SYTA: Update for Public Offering Deal Dilution Impact to Fund Topline Growth & Working Capital

By T. Moore, CFA



Business News Update

Siyata Mobile Inc. SYTA completed a public offering of 8.7 million shares sold with common warrants. Combined effective offering price of $2.30 with net proceeds of approximately $18 million. Offering rationale is to fund growth and working capital, namely for the SD7 new product launch. Company now has approximately $20 million cash and $15 million net cash.

We raised our 2022 or 2023 revenue forecasts to reflect SD7 orders news. However, we lowered our price target valuation to $6 from $10 to reflect the large increase in share count and dilution.

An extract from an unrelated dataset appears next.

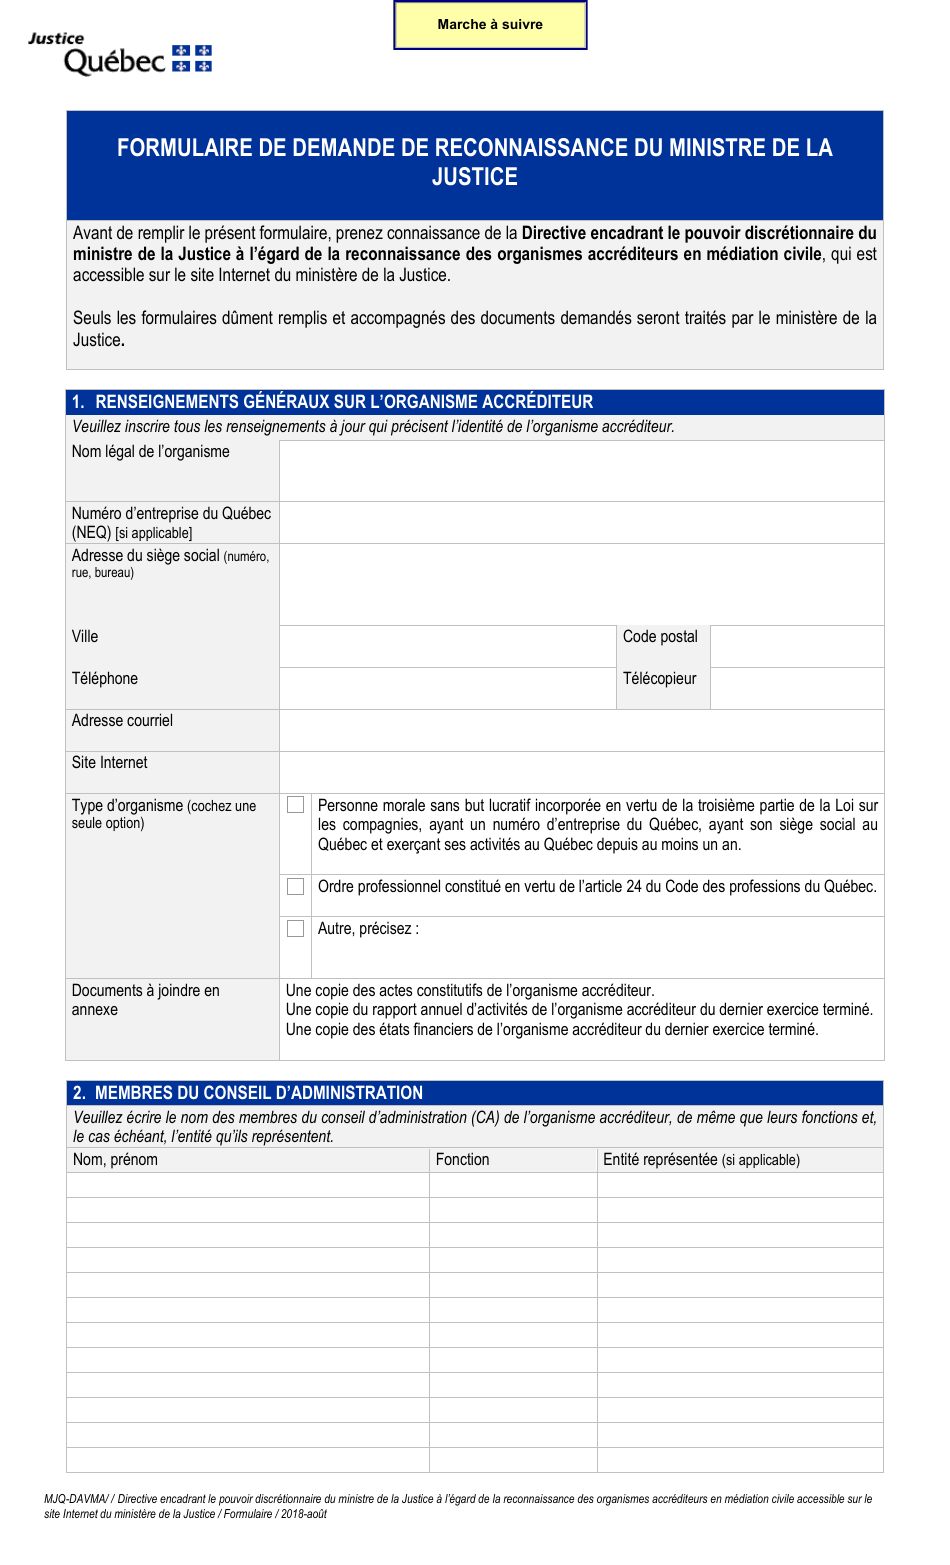 Demande Pour La Reconnaissance DES Organismes Accrediteurs En Mediation Civile - Quebec, Canada (French), Page 1
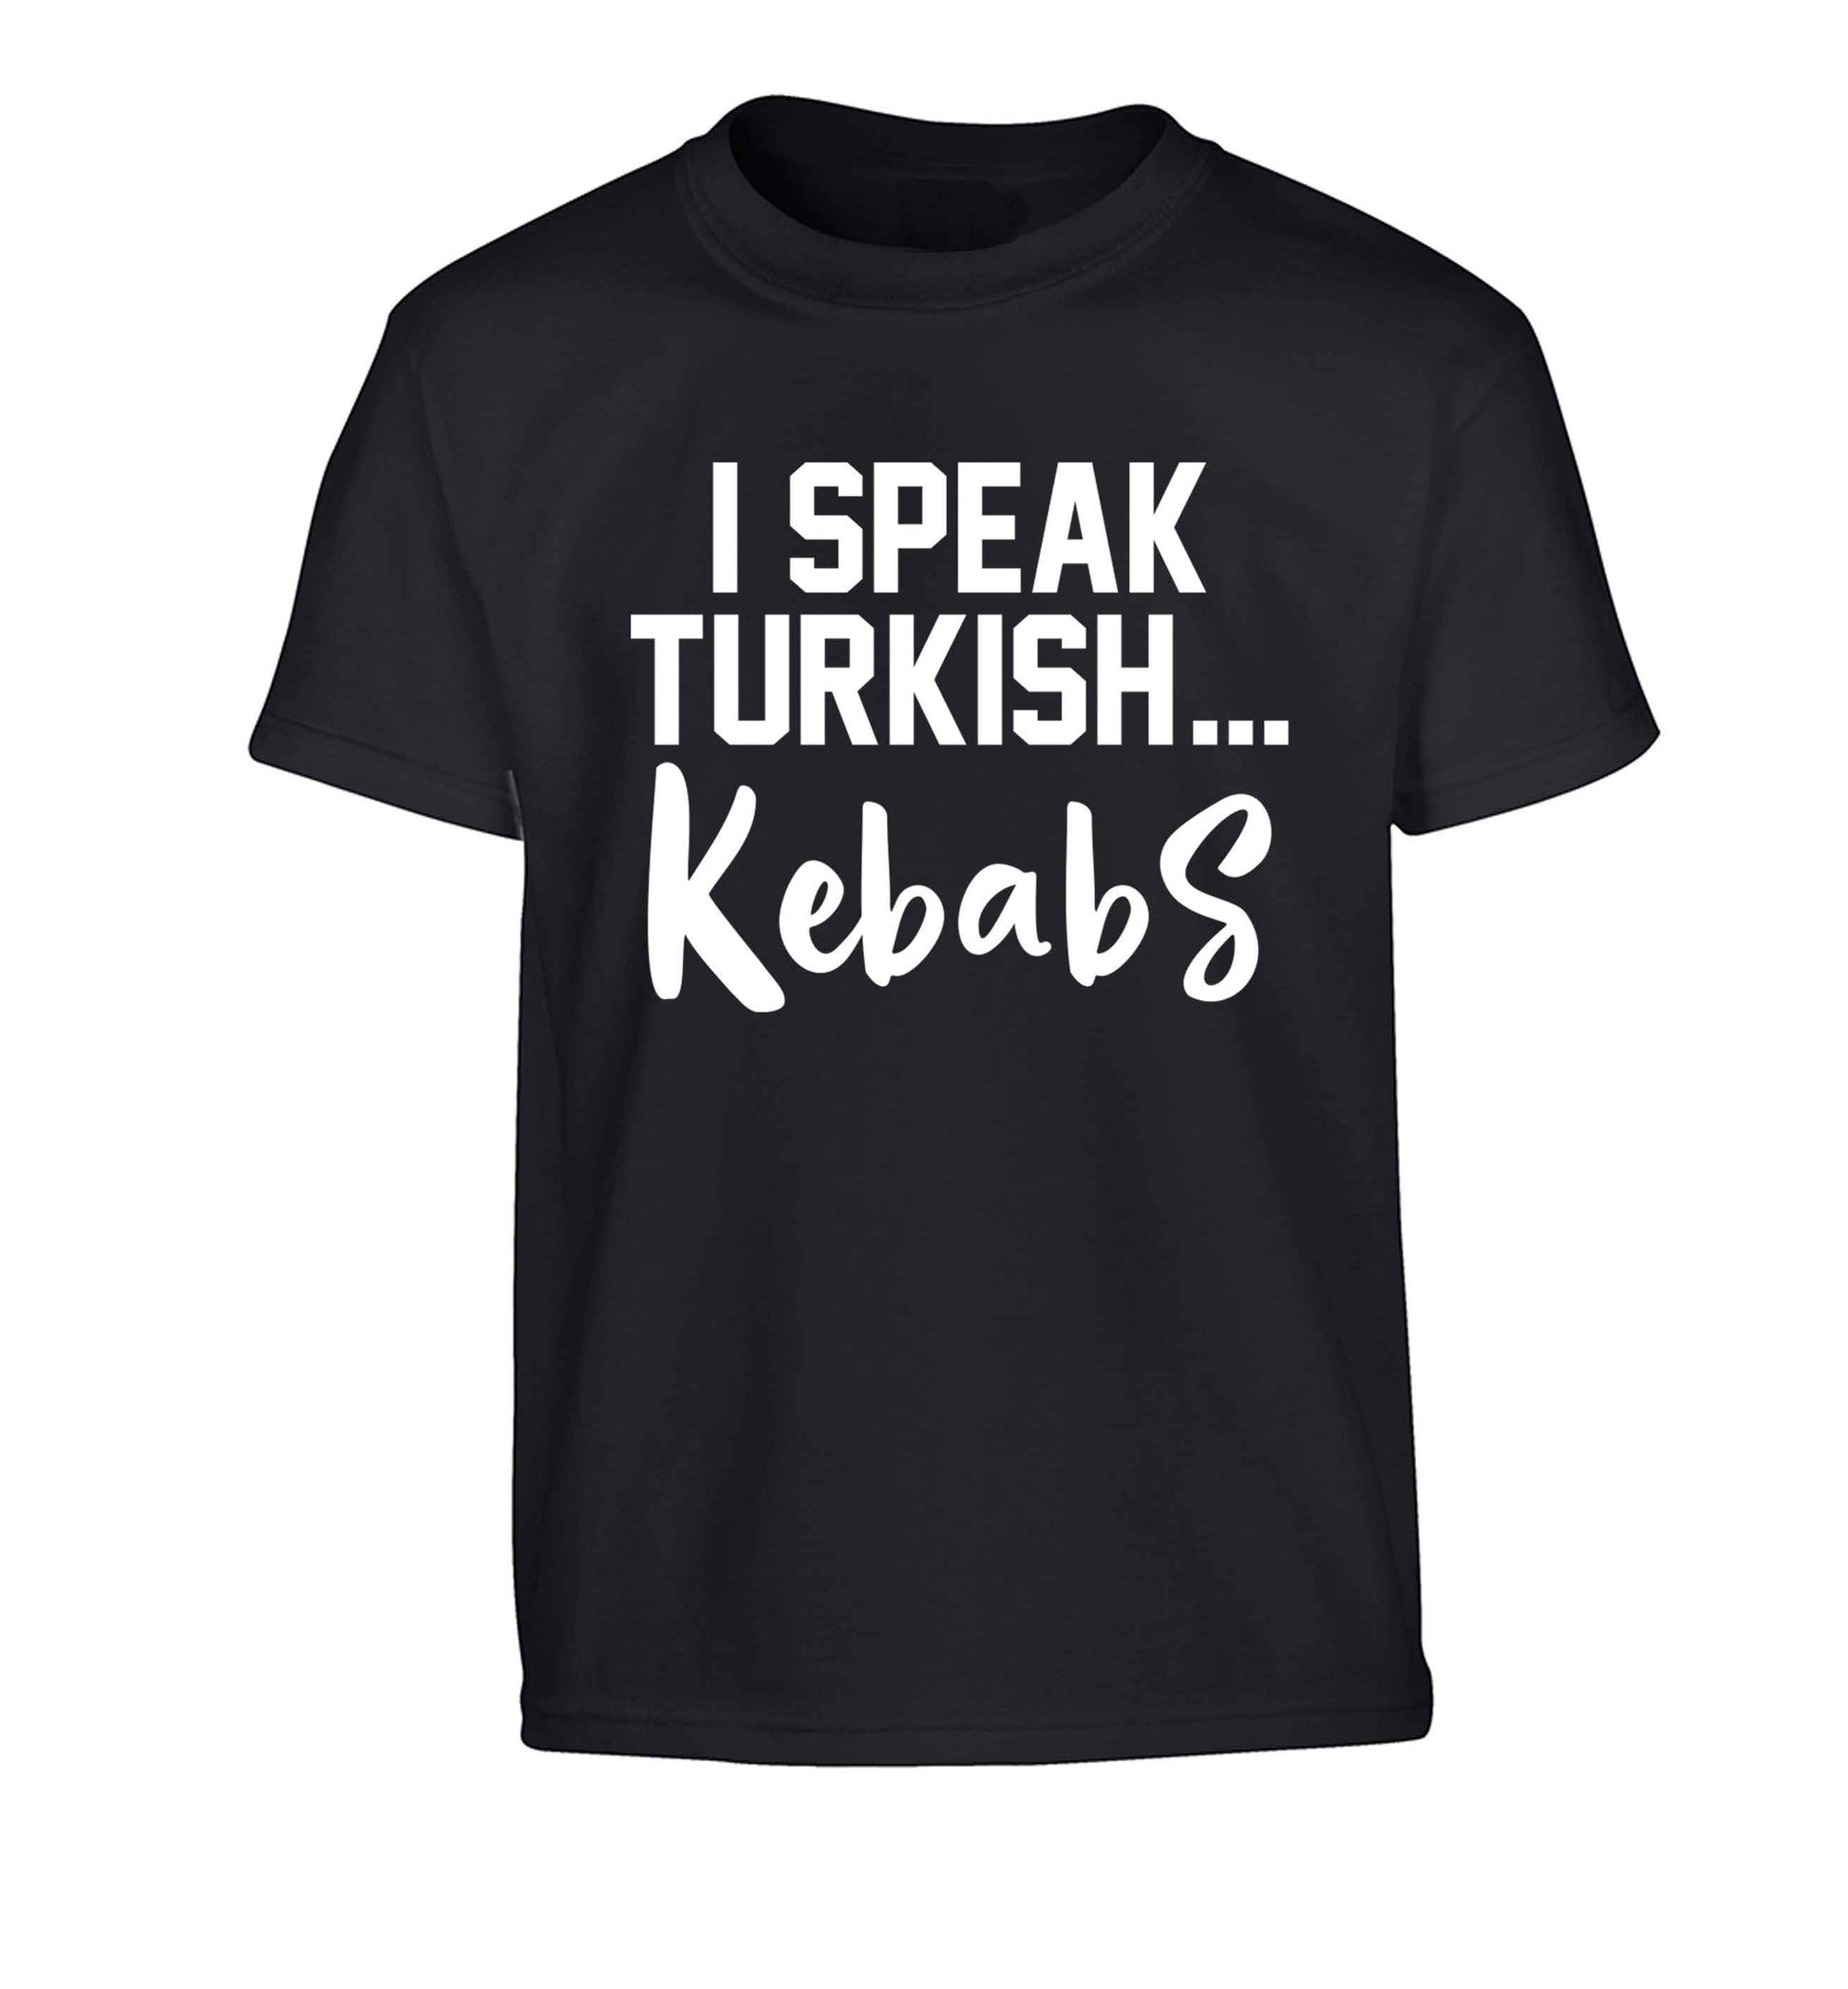 I speak Turkish...kebabs Children's black Tshirt 12-13 Years

We estimate breakeven adjusted EBITDA profitability in late 2022 for a re-rating of the stock.

Importantly, we now believe that Siyata Mobile is adequately funded for the next 12-18 months to support SD7 working capital and inventory for the launch, other growth initiatives and absorb minor net losses near-term.

Initial Orders for the SD7 device received in early December total more than $1.8 million for customers in the US and EMEA. We remain optimistic about the revenue potential from the SD7 launch for 2022 & 2023 topline.

We remind investors that Motorola Solutions (MSI) entered into a partnership agreement with Siyata Mobile for the launch of the new SD7 handset.

Factoring in news of order wins in December, we raise our SD7 revenues forecast to $5 million for 2022 (from $4 million prior) based on $300 pricepoint for 3.5% market share achievement in North America & Europe. $10 million revenues for 2023 (from $8 million prior).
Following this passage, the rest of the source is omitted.